Data below:

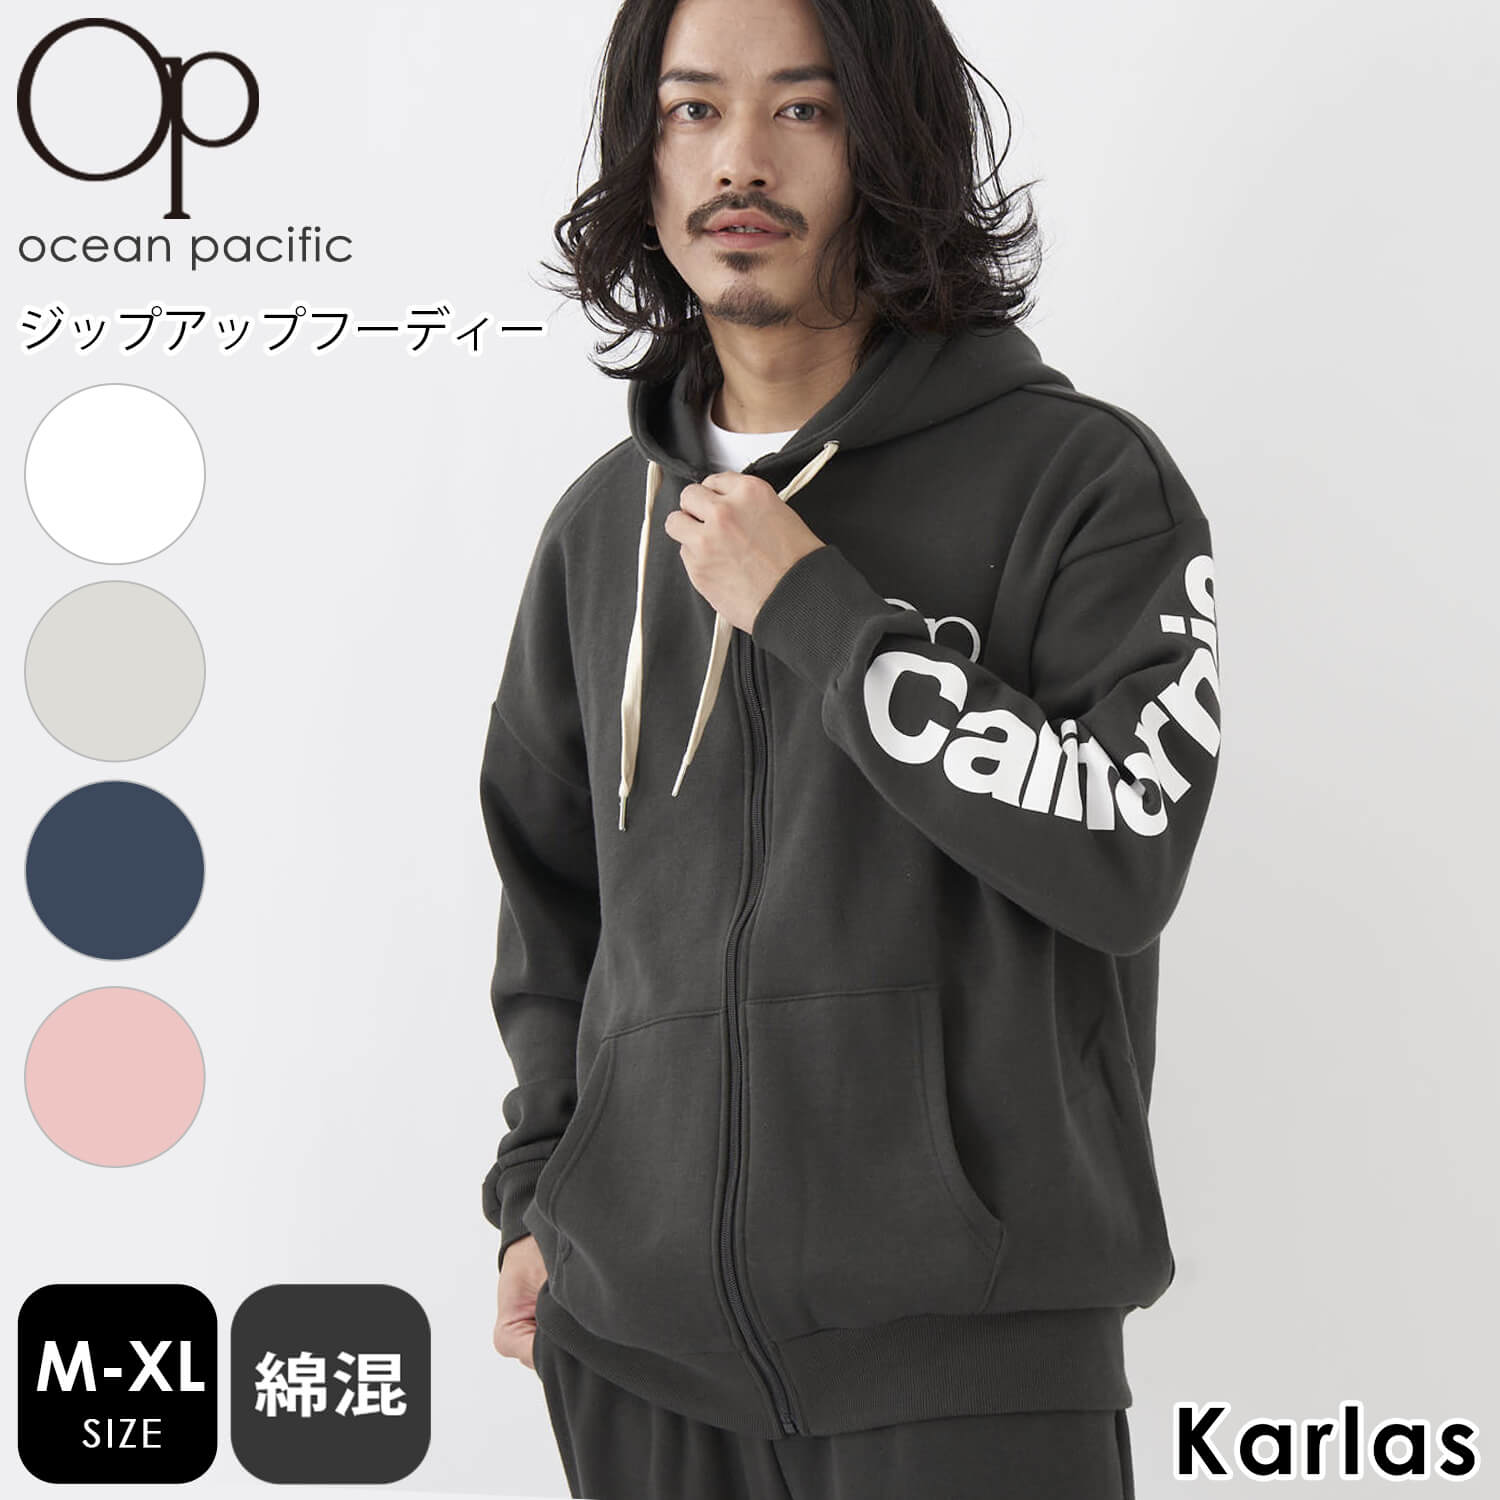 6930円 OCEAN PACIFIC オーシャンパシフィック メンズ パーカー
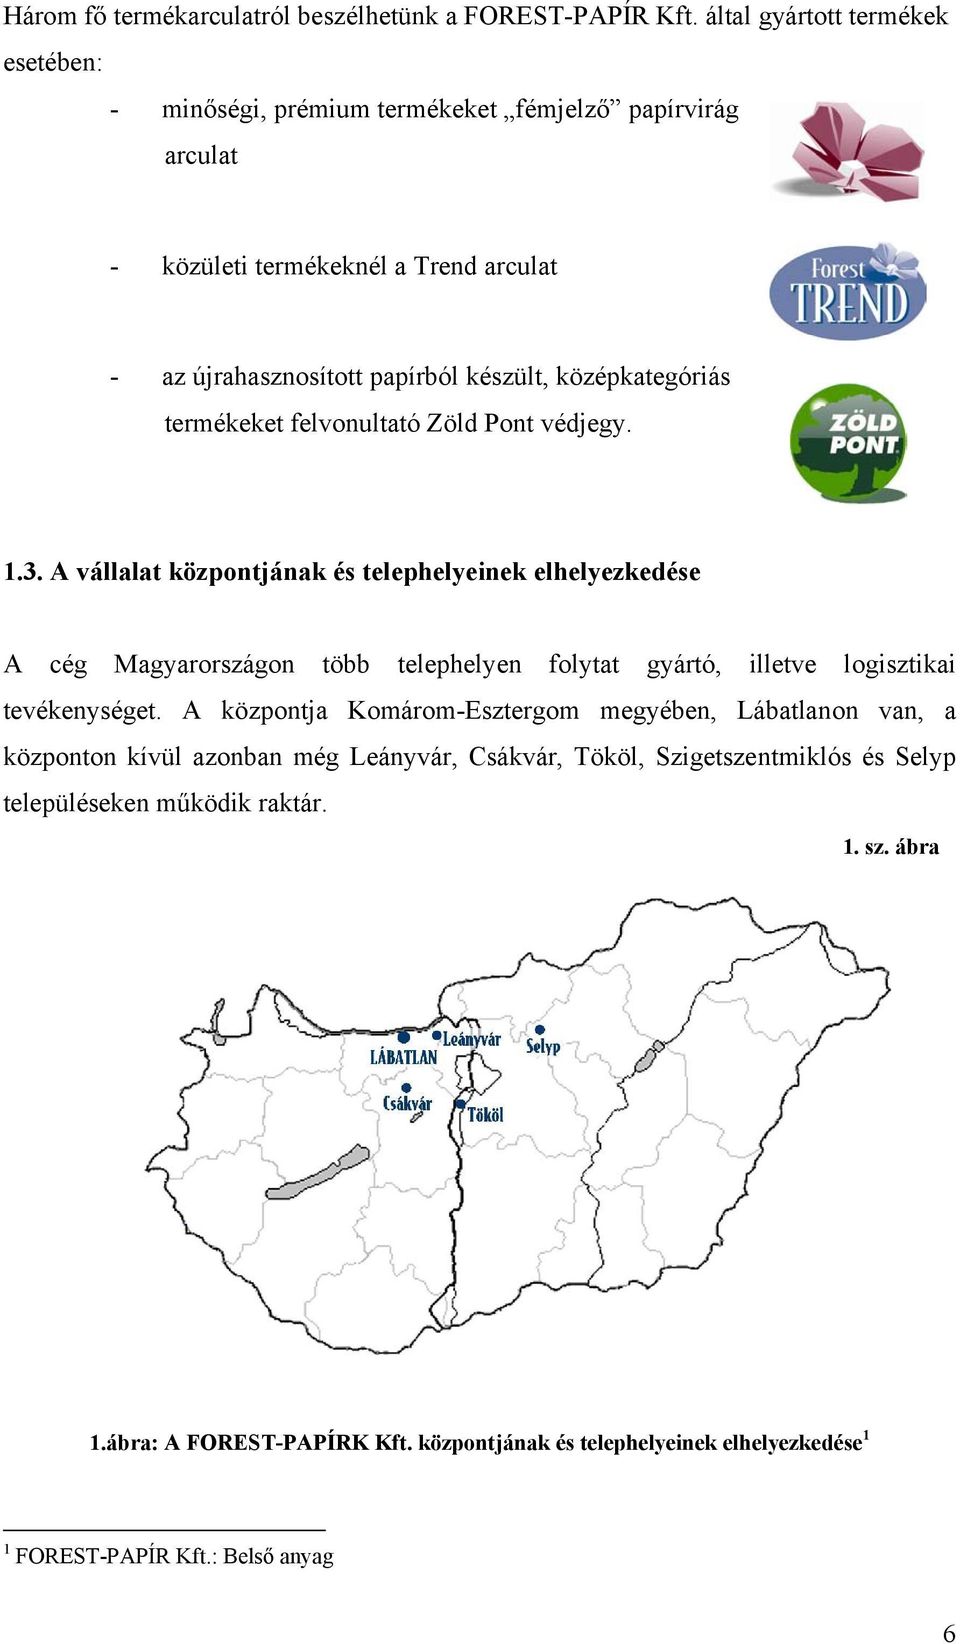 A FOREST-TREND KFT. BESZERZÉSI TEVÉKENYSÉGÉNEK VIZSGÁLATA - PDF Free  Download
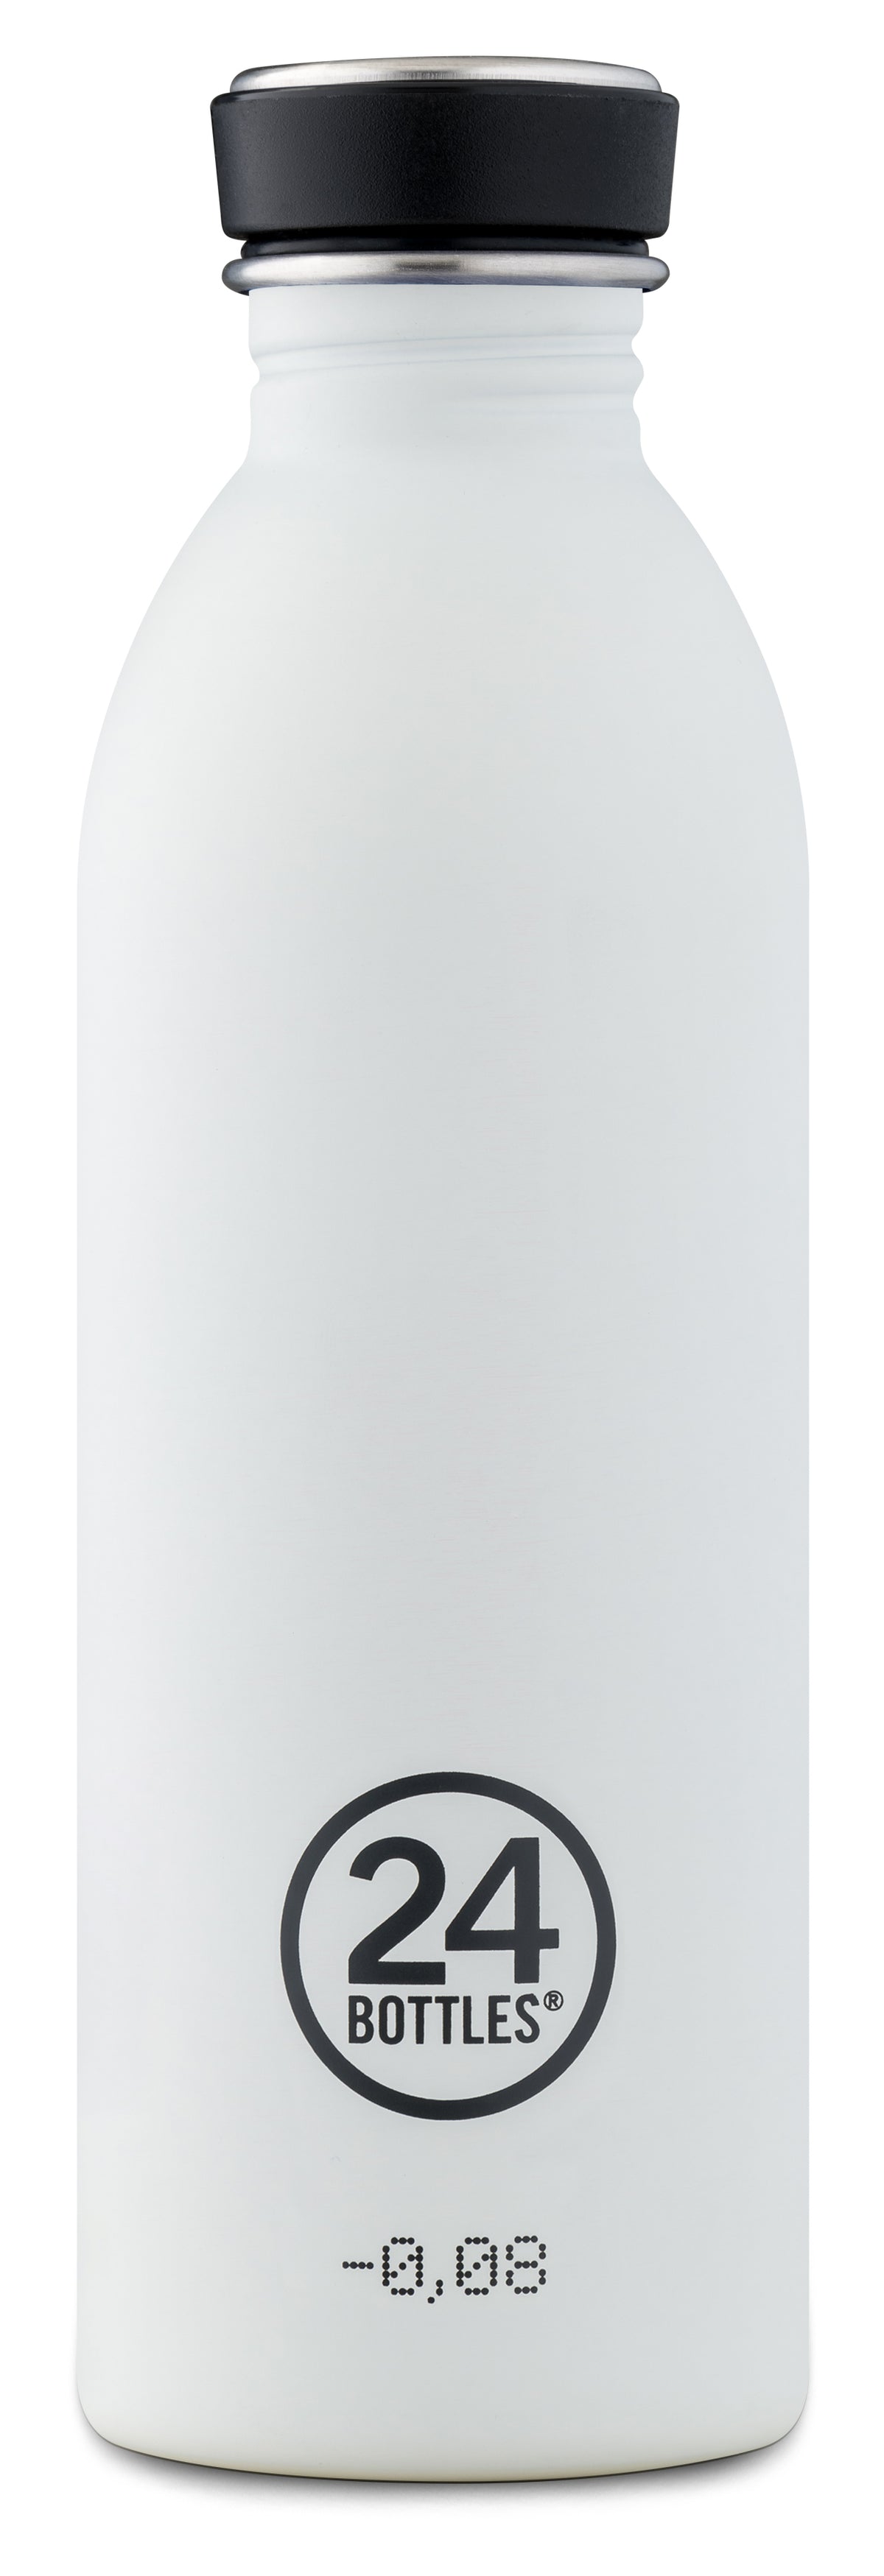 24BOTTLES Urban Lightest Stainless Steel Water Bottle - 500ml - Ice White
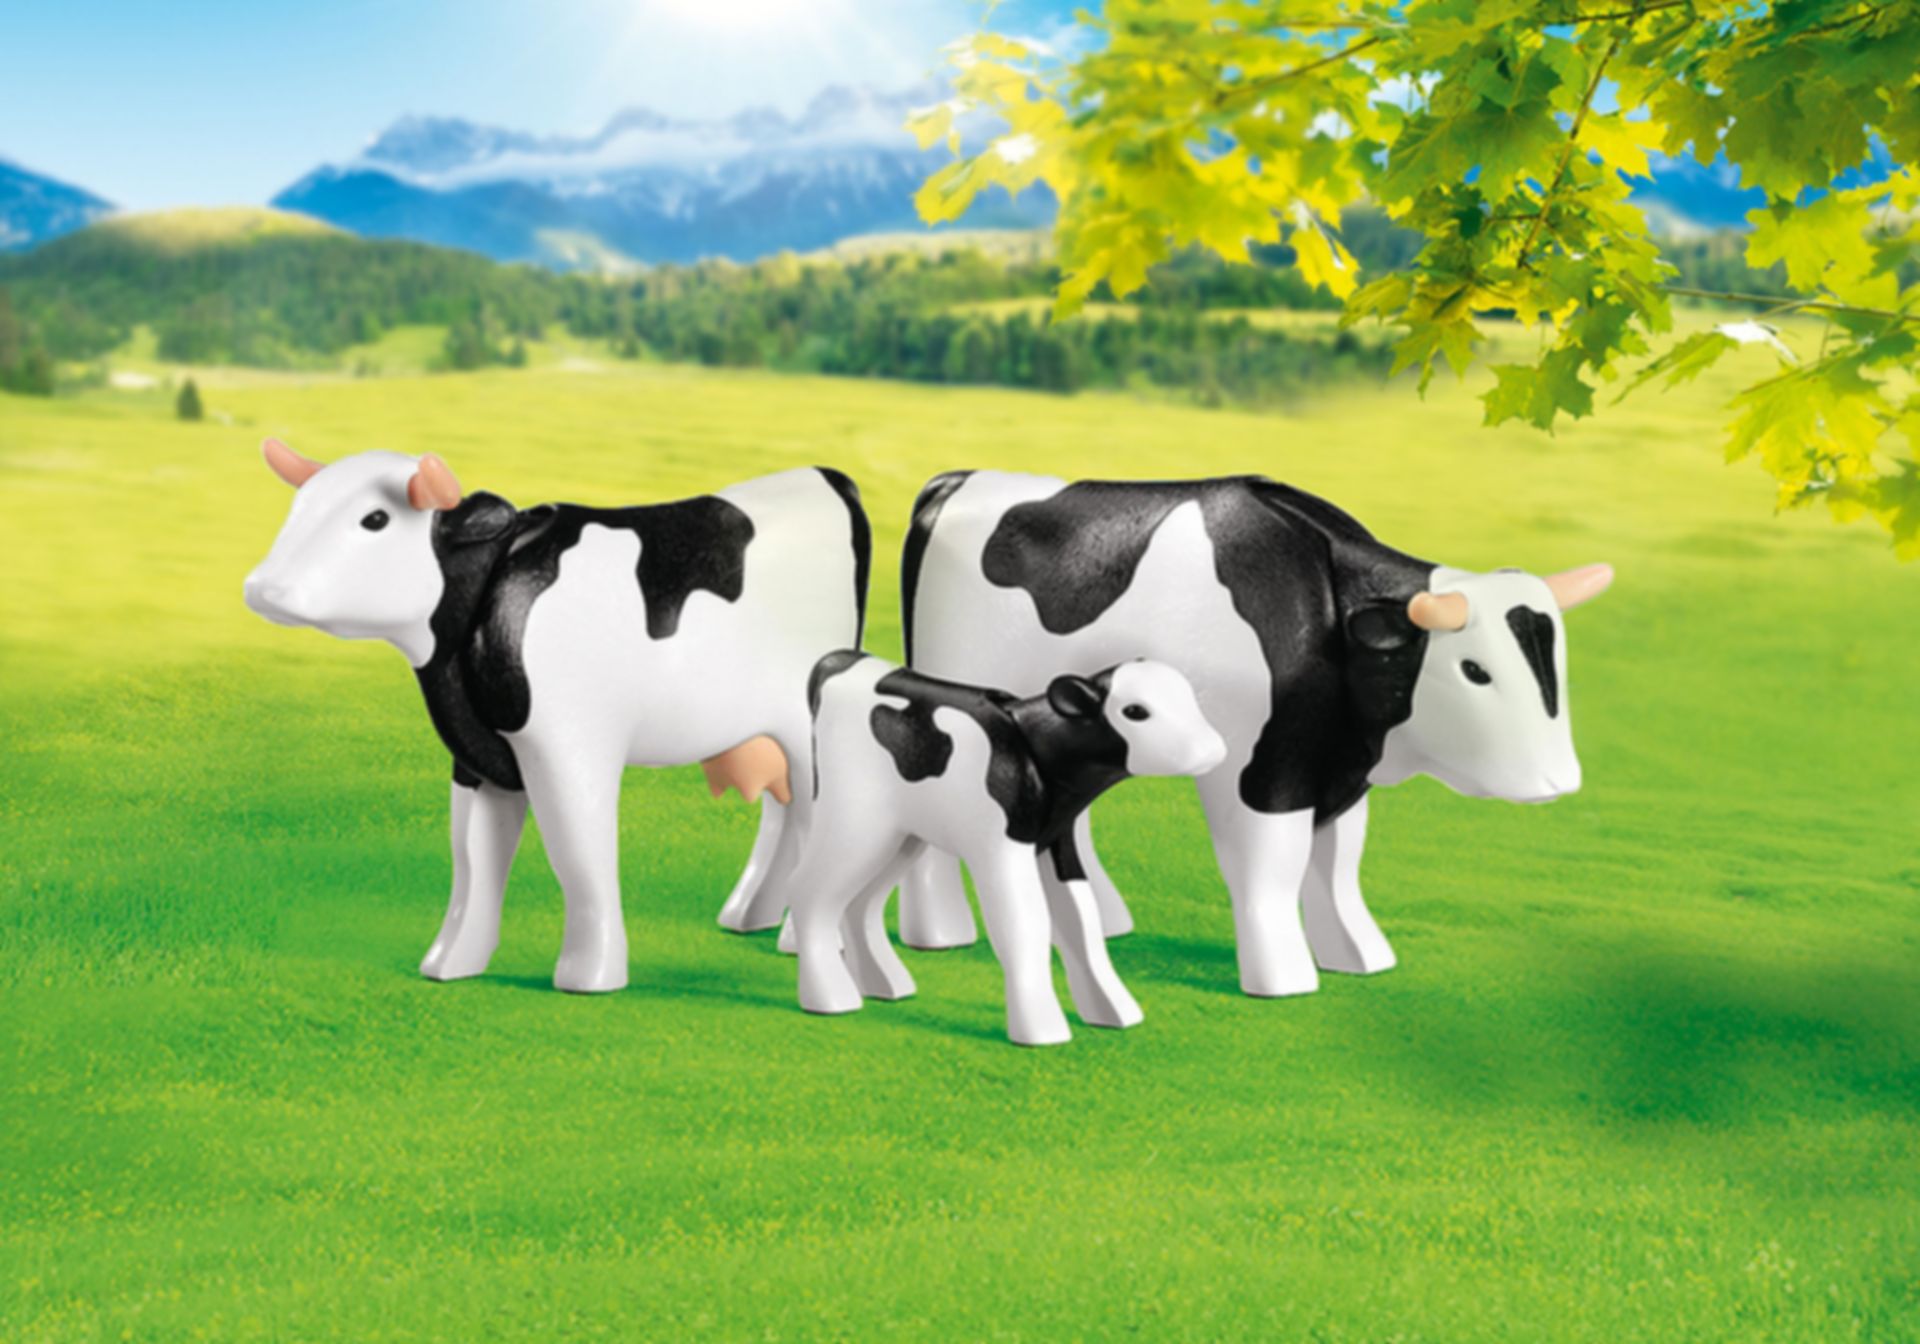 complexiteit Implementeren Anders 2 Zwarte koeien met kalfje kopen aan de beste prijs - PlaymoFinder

What is required: Drop the pictures, then write out only the lines running from the one containing "A FOREST-TREND KFT." through the last line above, both included, exactly.

Final answer:
 A FOREST-TREND KFT. BESZERZÉSI TEVÉKENYSÉGÉNEK VIZSGÁLATA - PDF Free  Download
 24BOTTLES Urban Lightest Stainless Steel Water Bottle - 500ml - Ice White
 complexiteit Implementeren Anders 2 Zwarte koeien met kalfje kopen aan de beste prijs - PlaymoFinder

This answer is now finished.